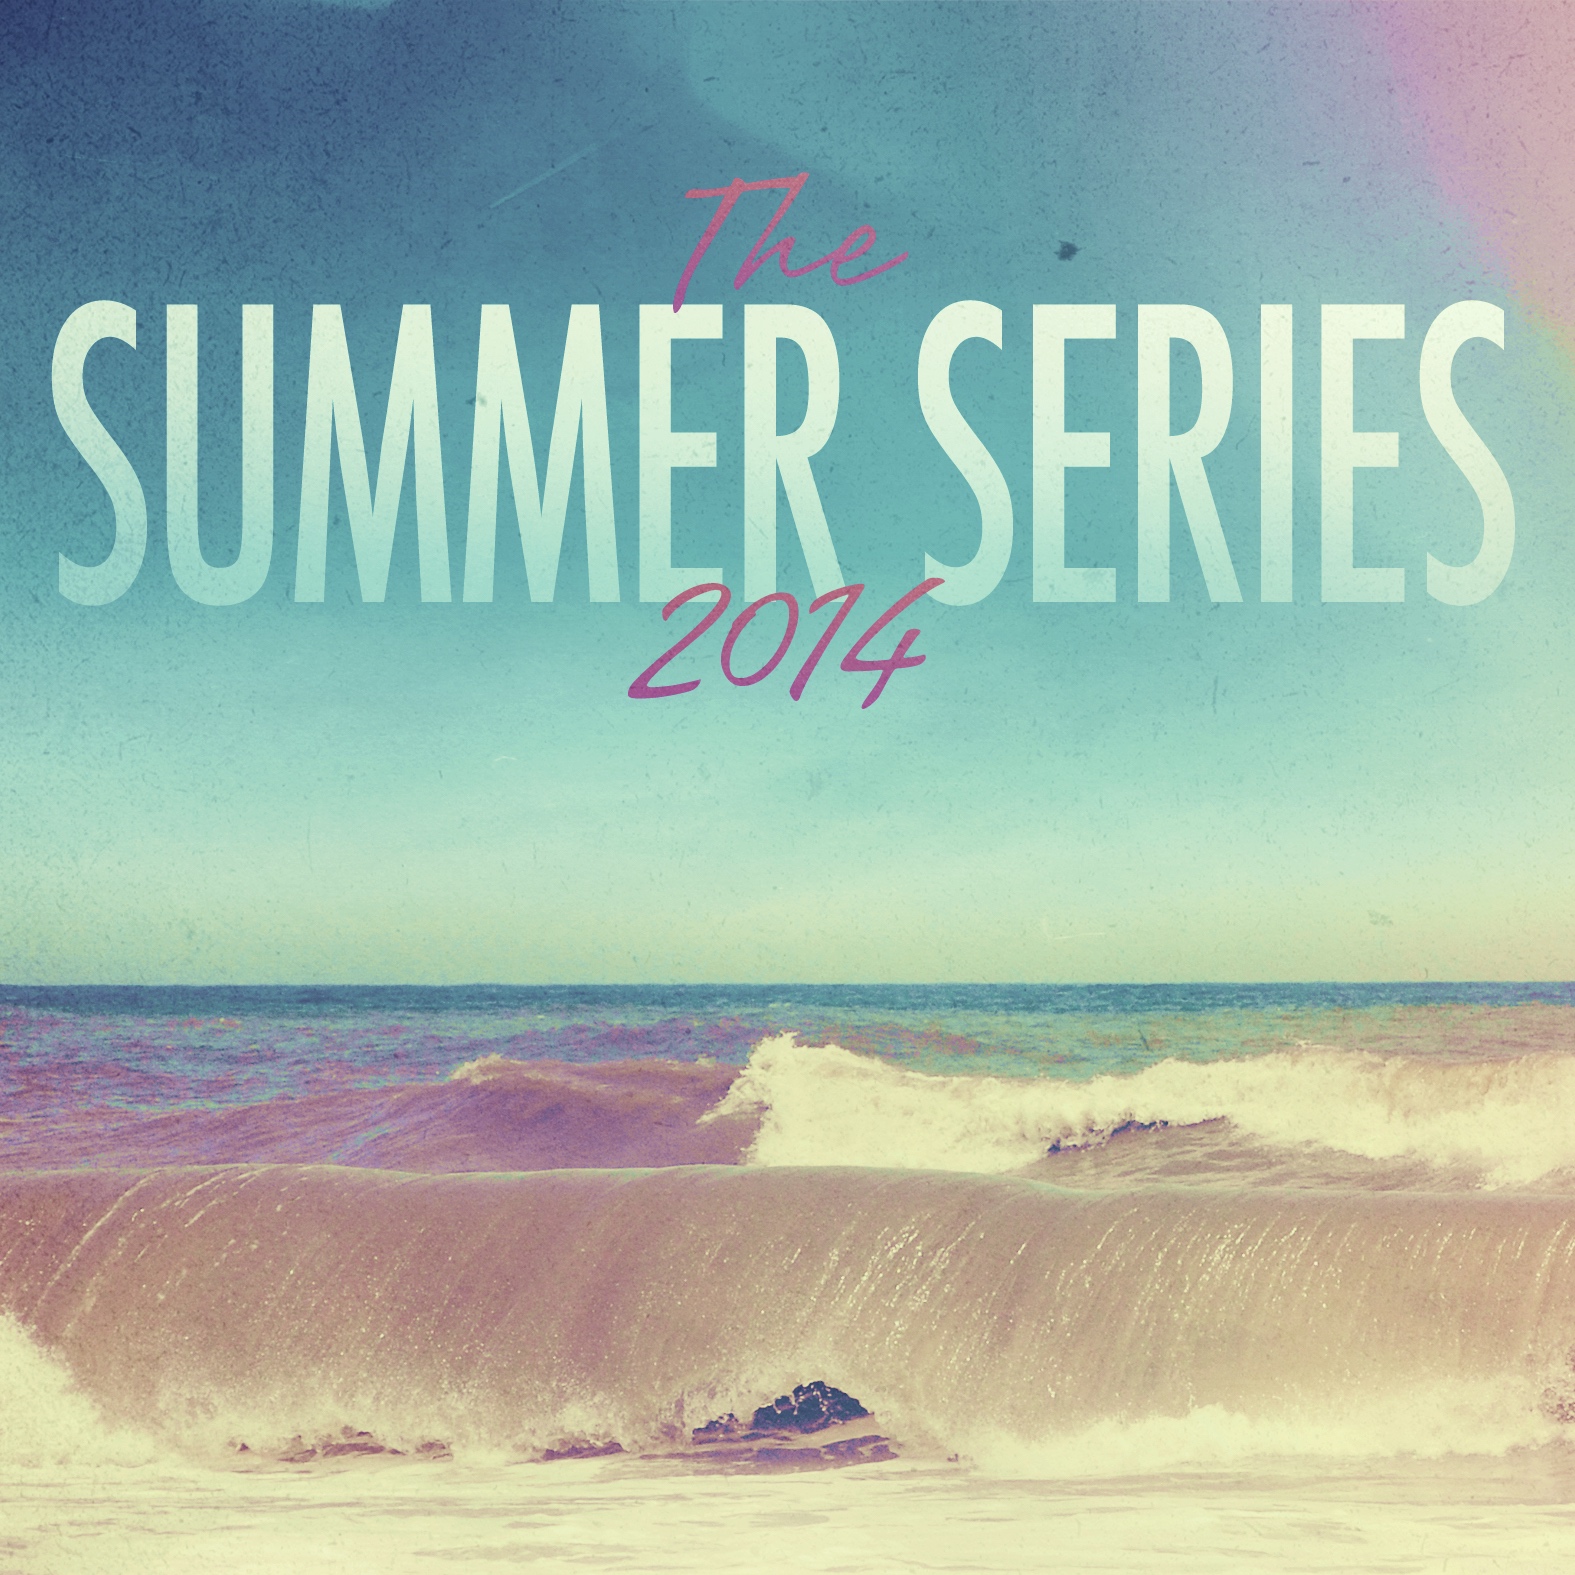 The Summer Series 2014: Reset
══════════════════════════════
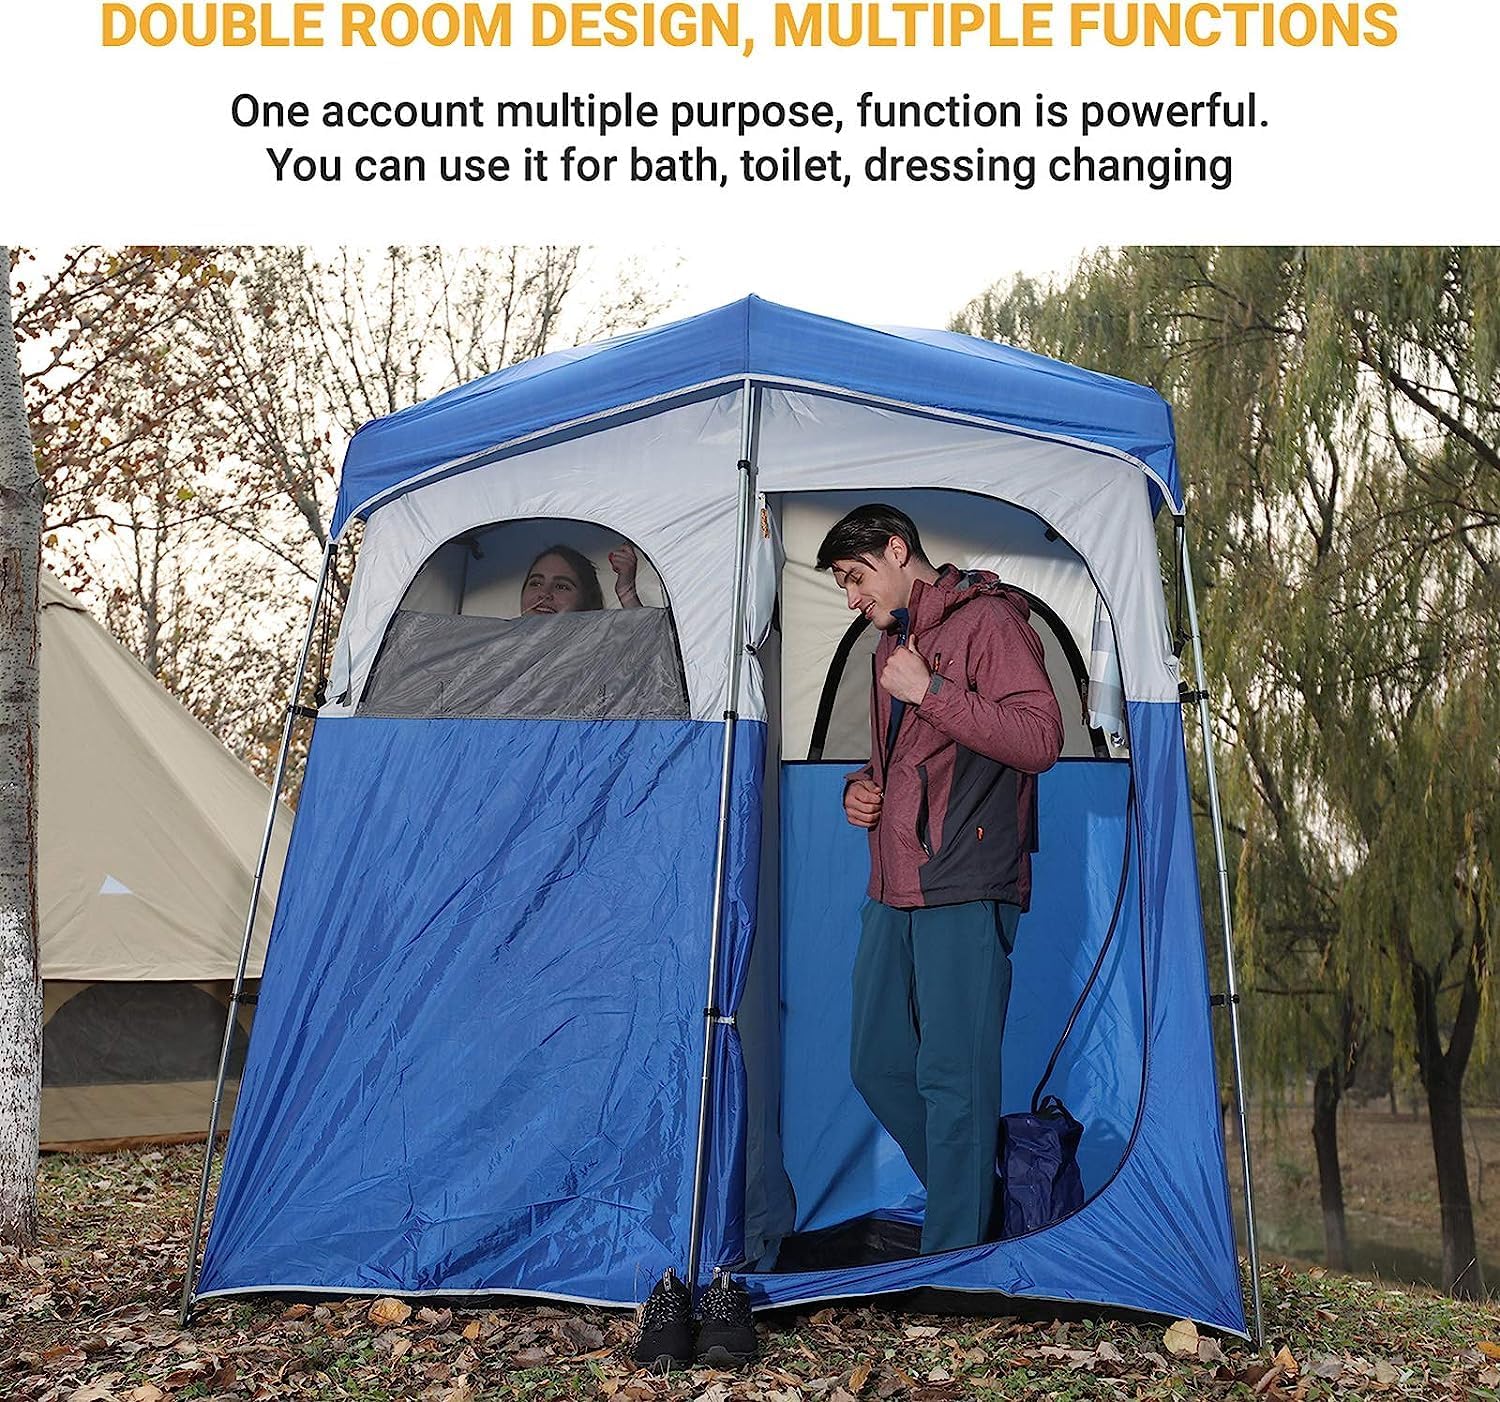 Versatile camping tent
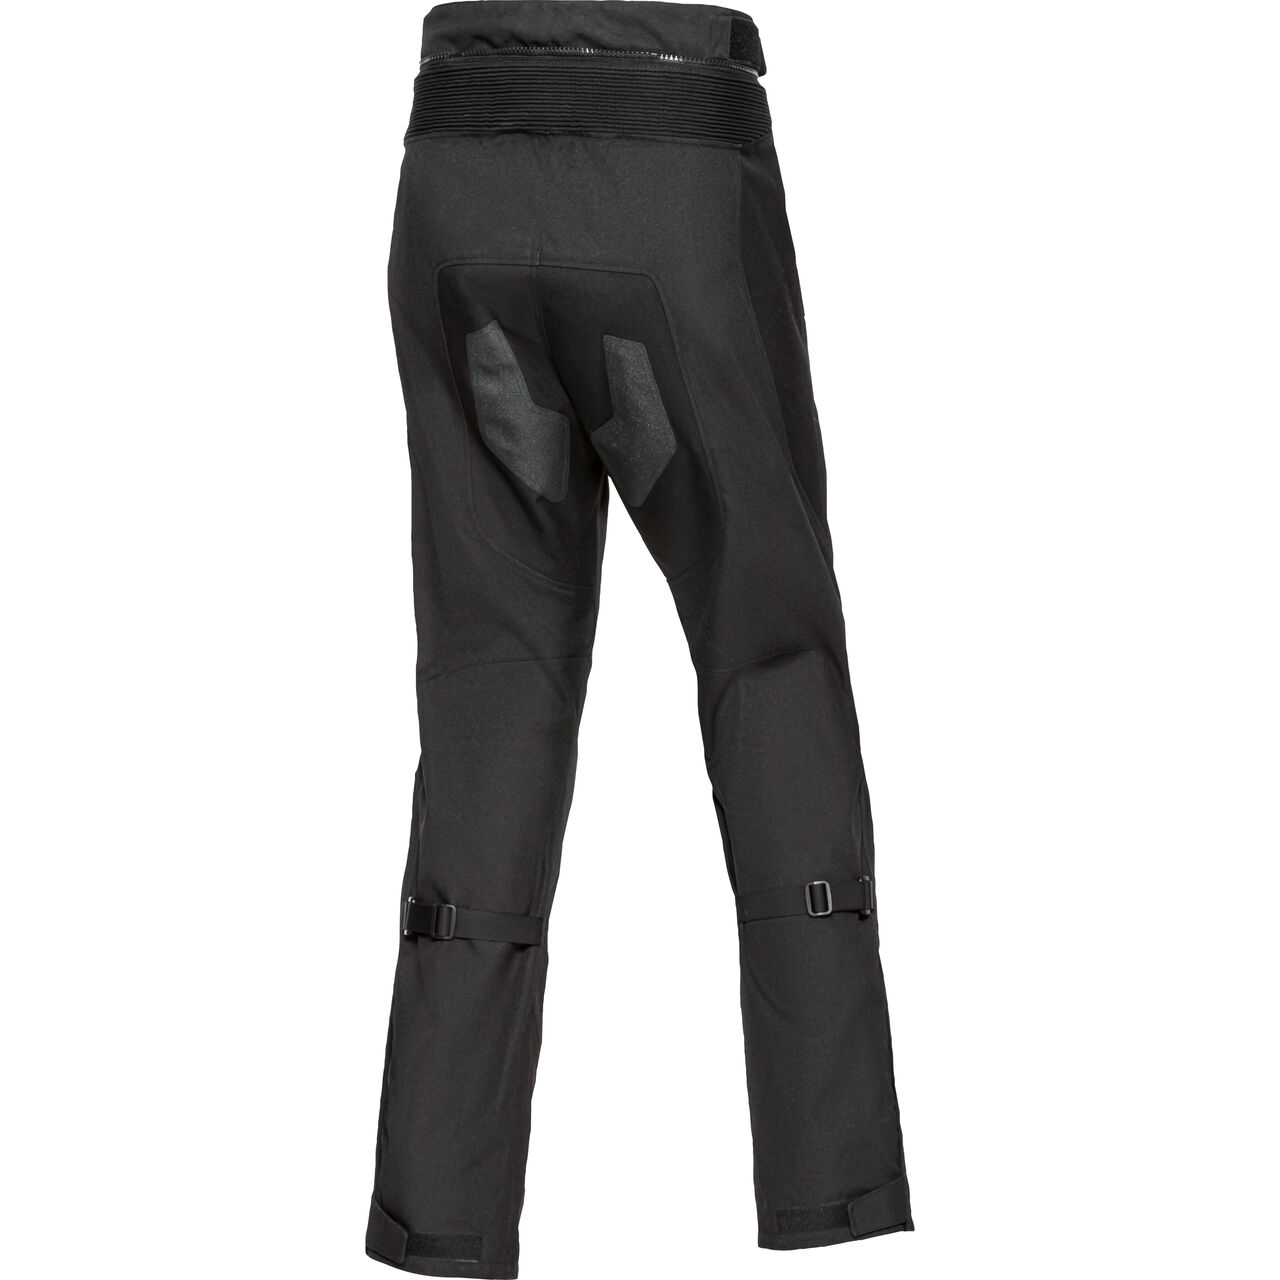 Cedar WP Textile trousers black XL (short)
══════════════════════════════
WHAT TO WORK ON.
Look above for the line containing "Versatile camping tent" and the line containing "Cedar WP Textile trousers black XL (short)", then reproduce both and everything between them exactly, pictures omitted.

ANSWER SPACE.
 Versatile camping tent
 Cedar WP Textile trousers black XL (short)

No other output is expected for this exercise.